Literature on the effect of repeated exposures and the timing of these impacts is more limited, particularly in the observational context. Healthy athletes exposed to high levels of PM in controlled experiments (ergometer trials at PM1 396,200 particles/cm3) and natural environments (urban cities with mean levels of PM2.5 at 65.1 \(\upmu \mathrm{g}/{\mathrm{m}}^{3}\)) experienced significant impairments in performance several days later, suggesting delayed inflammatory effects14, 15. However, some conflicting evidence exists, as male cyclists with 60 min of exposure to 300 \(\upmu \mathrm{g}/{\mathrm{m}}^{3}\) of PM2.5 immediately prior to exercise had no impairments on their time trial49. Similar studies on the effect of high ozone environments (controlled: 0.12–0.24 ppm and natural: average: 33.96 ppb) found that athletes experienced immediate performance reductions, yet there was a protective effect of pre-race ozone exposure50, 51.

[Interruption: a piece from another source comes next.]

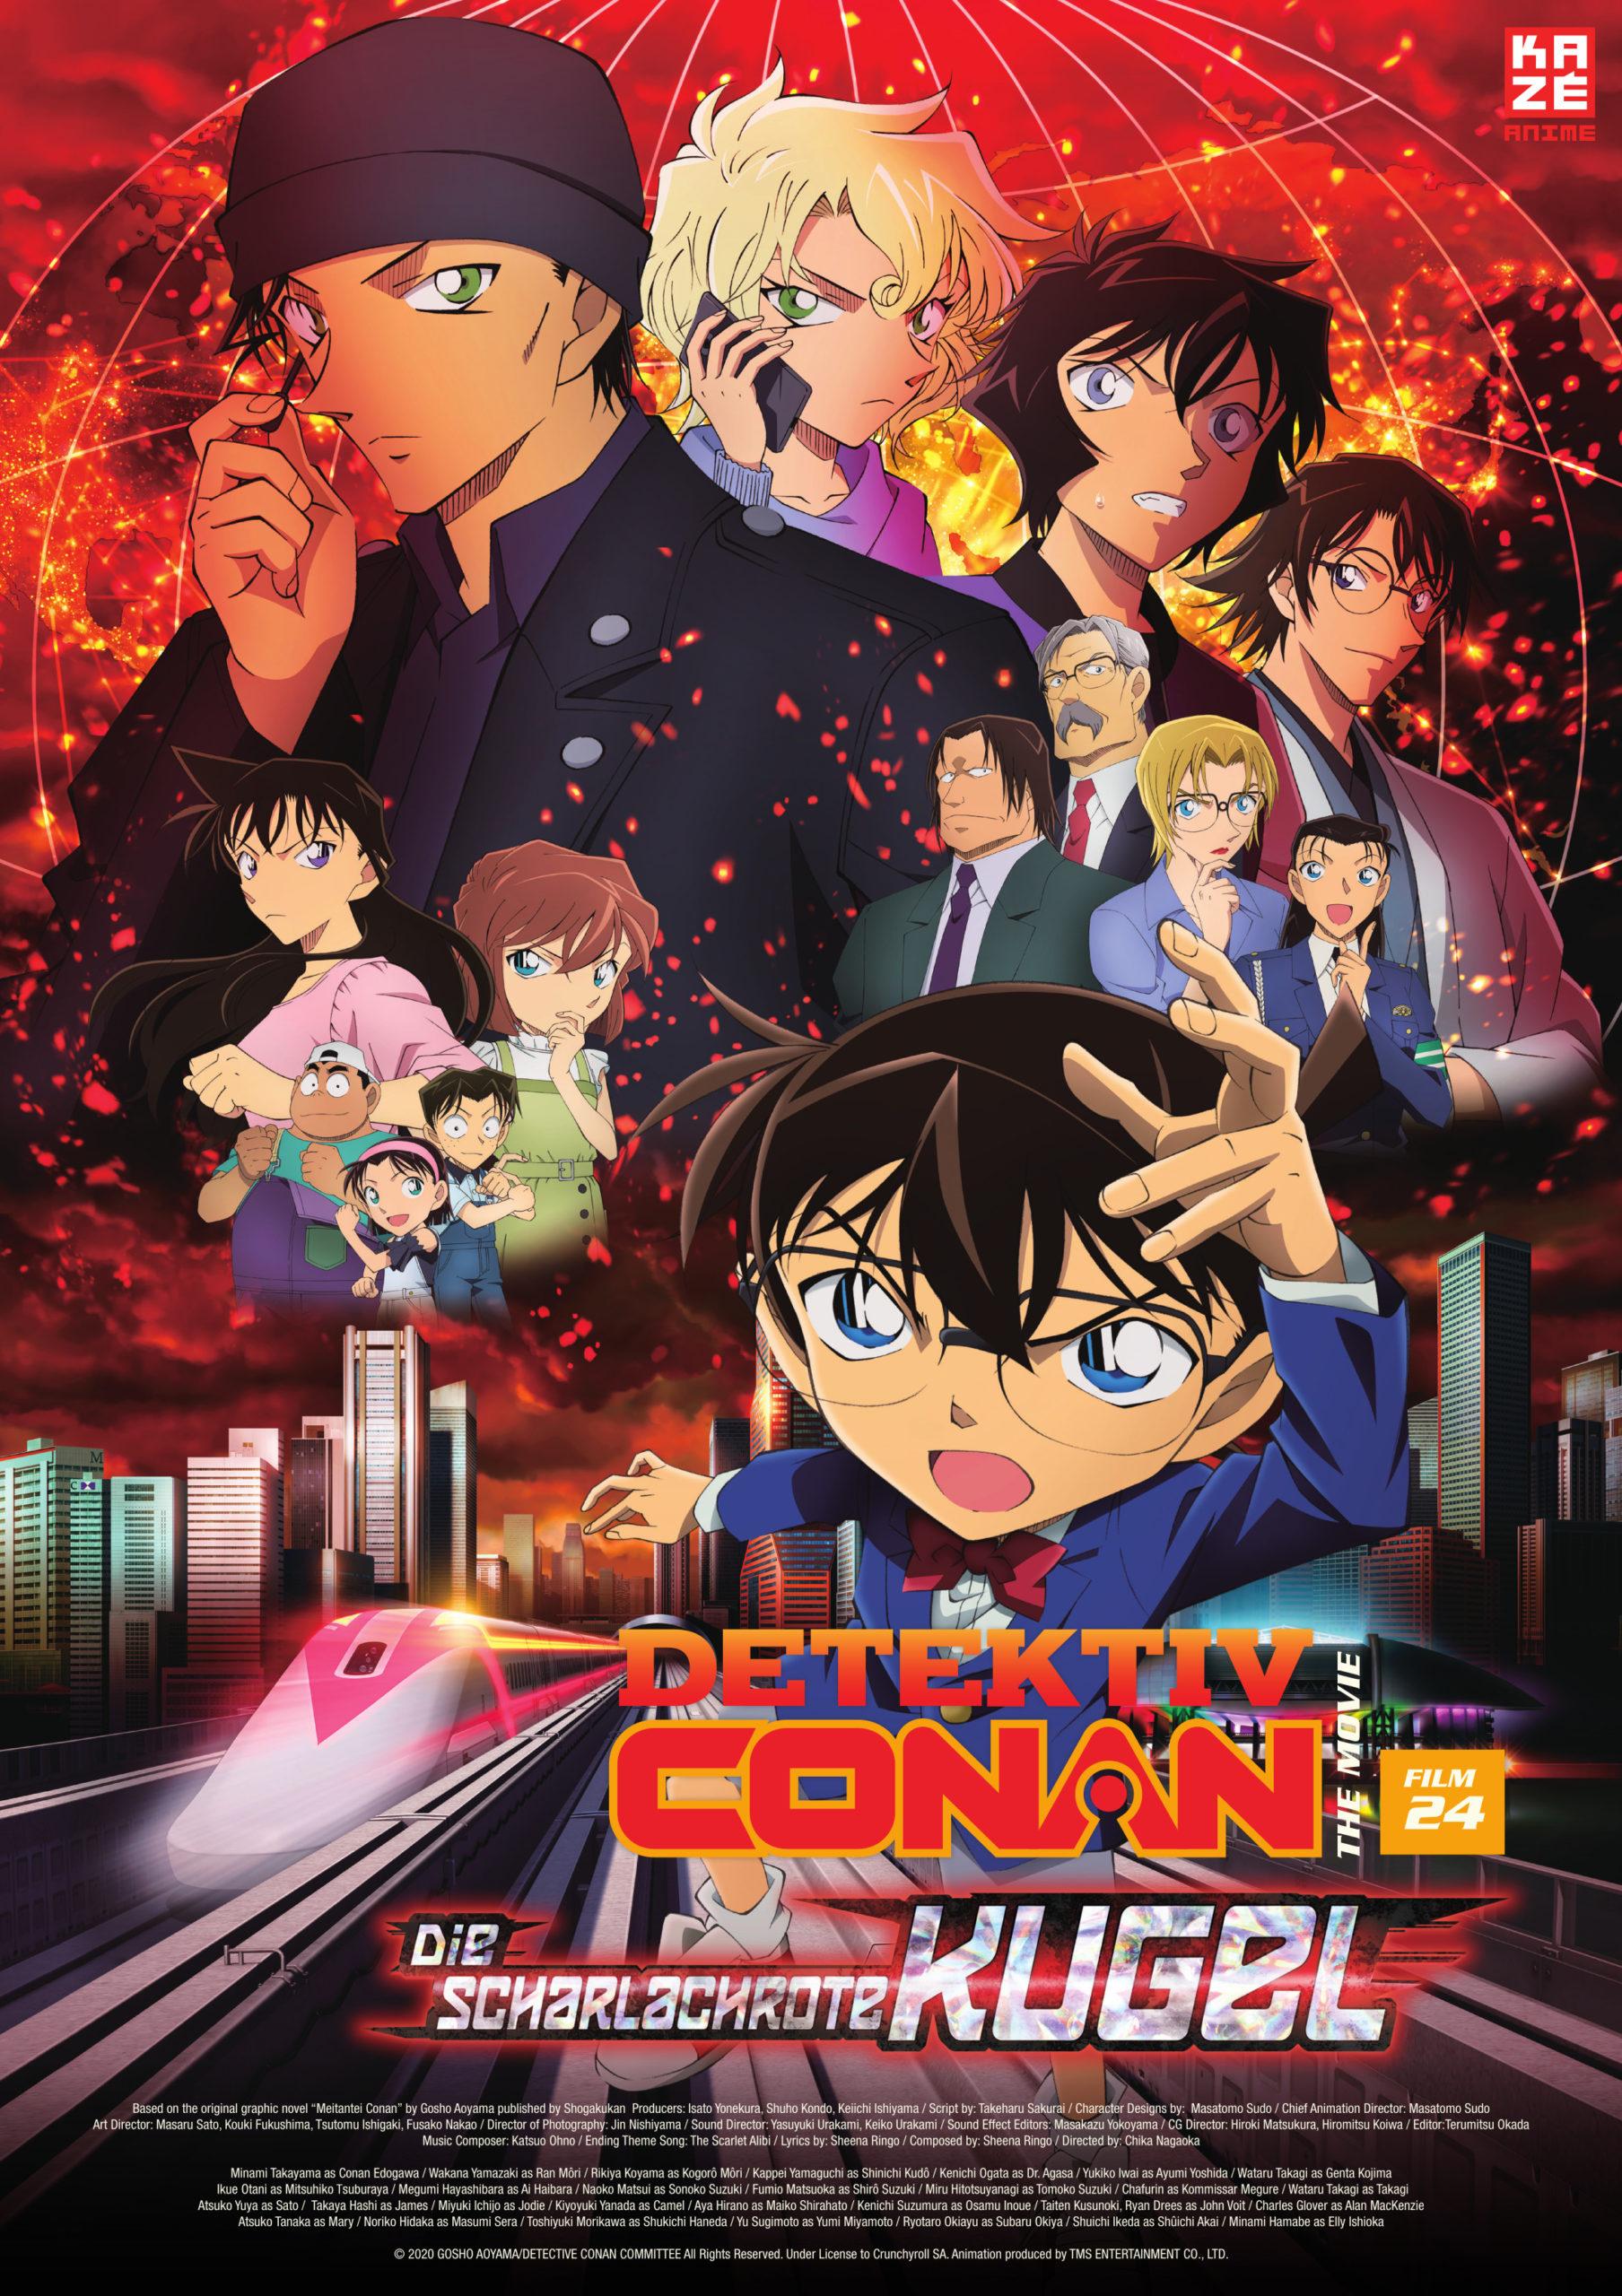 Detektiv Conan Film 24 verschoben

Our analysis adds to the air pollution and athletic performance literature as we used a natural experiment design rather than controlled lab-based exposures to estimate the association of repeated exposures at lower, less hazardous levels for two different pollutants and provided context for decision-makers who rely on a commonly used decision index (AQI) rather than raw pollutant concentrations.

Implications for the athletic community

Our analysis has implications for the broader athletic community. Athletes included in our study were among the fittest in the general population, and yet, adverse impacts on athletic performance was observed. The association may be more pronounced among more sensitive athletes, such as young athletes still in physical development or those with underlying conditions, such as asthma52, 53. Thus, when coaches make decisions about their athletes’ training and competition schedules, it may be important to also factor in pollutant exposures by understanding pollutant levels within the area and tracking seasonal and daily trends of exposures levels and provide appropriate recovery between training sessions.

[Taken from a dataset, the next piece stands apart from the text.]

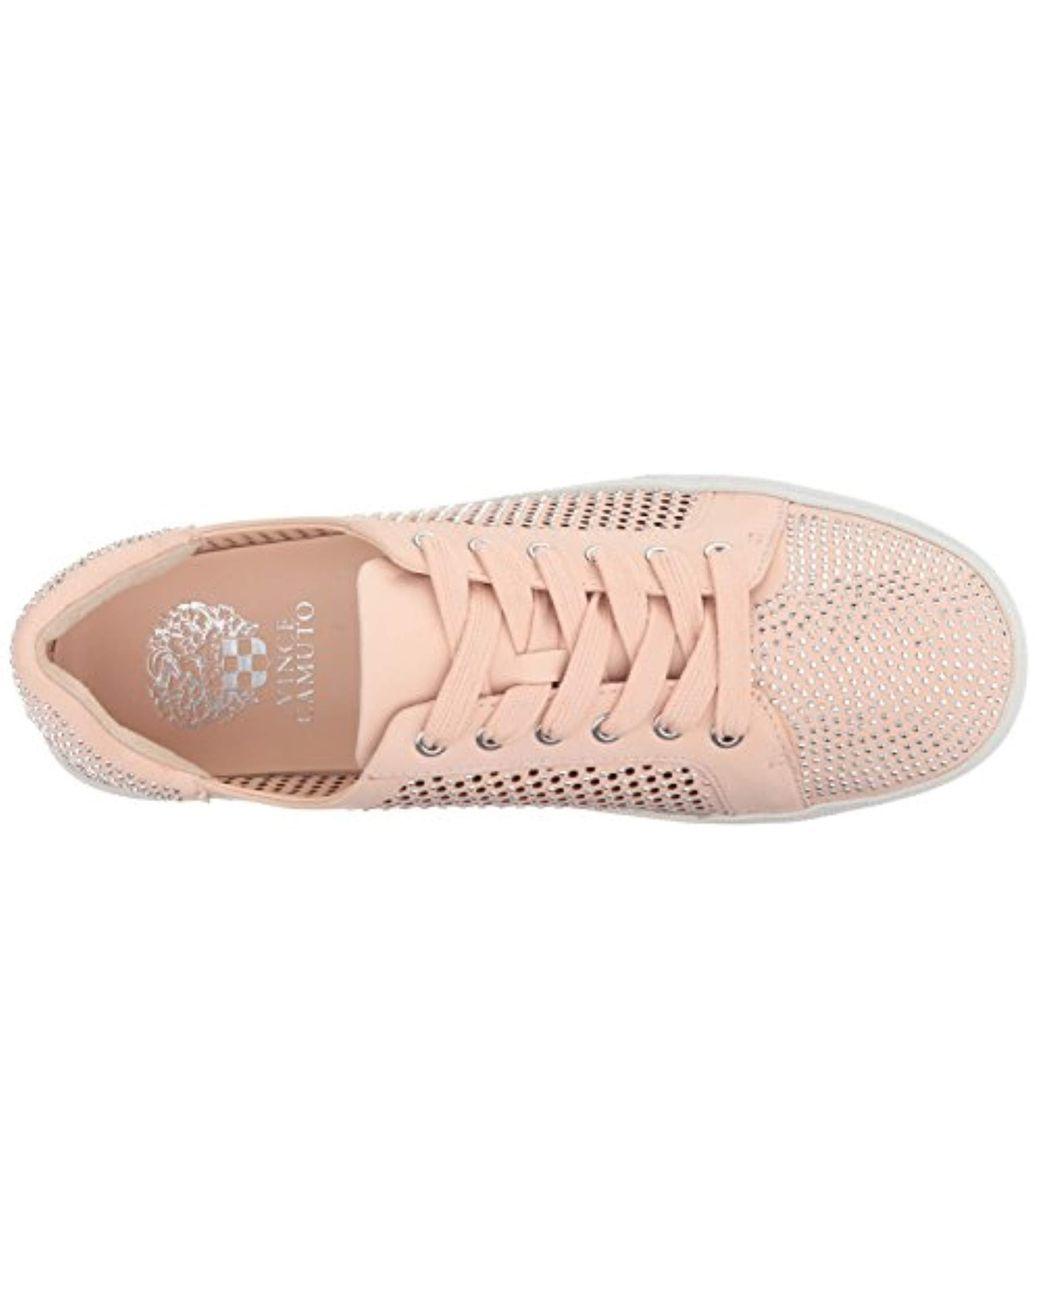 14b5b96b529ac Women's Chenta Sneaker

First, we focused on PM2.5 and ozone, and the three other critical air pollutants, carbon monoxide, nitrogen dioxide, and sulfur dioxide, may also have impacted race performance. We made this choice for two primary reasons: first, these pollutants are the most prevalent in the United States (evidenced by the fact that 91% of the AQIs were determined from PM2.5 or ozone), and second, there was a large body of literature on the adverse effects of these pollutants on athletic performance5, 10,11,12, 14, 15, 54. Second, because not all locations in our study had a nearby EPA monitor, we relied on outputs from the downscaler model, which extrapolates exposure according to the closest monitoring station26, 27. Third, exact location of athlete’s whereabouts during the track & field seasons were unable to be captured, leading us to possibly over- or underestimated exposure. Finally, our results have limited transportability, as we examined only male athletes competing in a single track & field event. Thus, our results can be viewed as an initial finding indicating the importance of this relationship, though the magnitude of effect likely varies in athletes outside of this study population. Future research into this topic should include female athletes, as well as athletes of any gender, other age ranges and level of fitness, as well as consider other athletic events, to understand impacts of air pollution in other populations and other contexts.

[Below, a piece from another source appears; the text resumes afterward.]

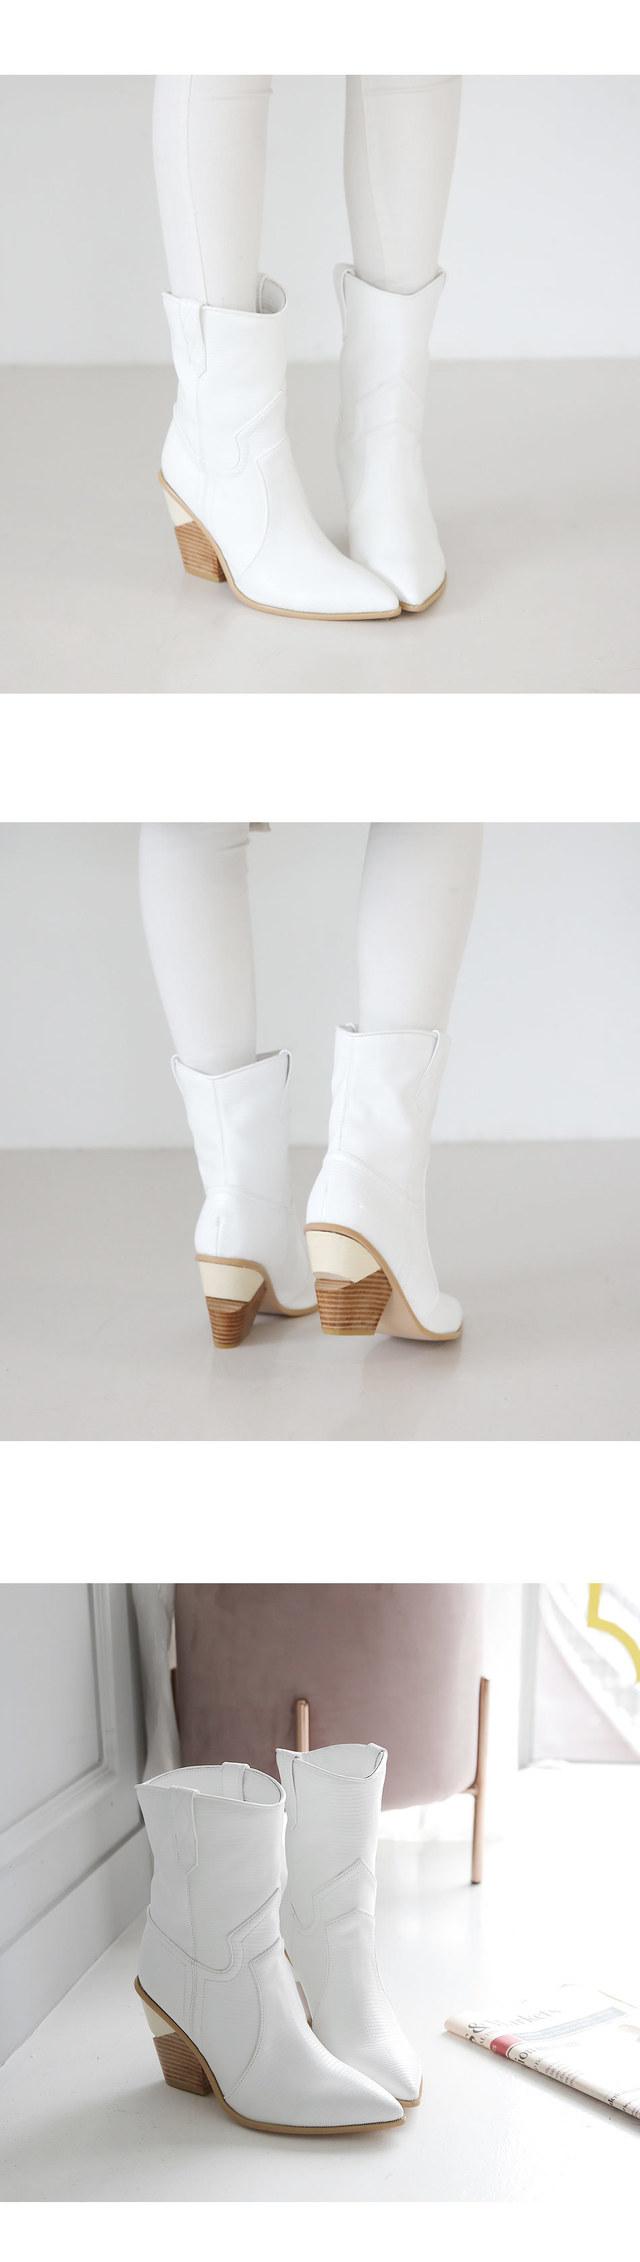 Karon's Western Boots 9.5cm

This retrospective study quantified the association between repeated exposure to air pollution and athletic running performance. Training and competing at consistently higher levels of air pollution, even below the EPA’s threshold for good air quality and among high-caliber athletes, was associated with slower race times. This first step at identifying adverse effects of repeated exposure to air pollution provides a foundation for why coaches should consider approaches to minimize exposure among their athletes.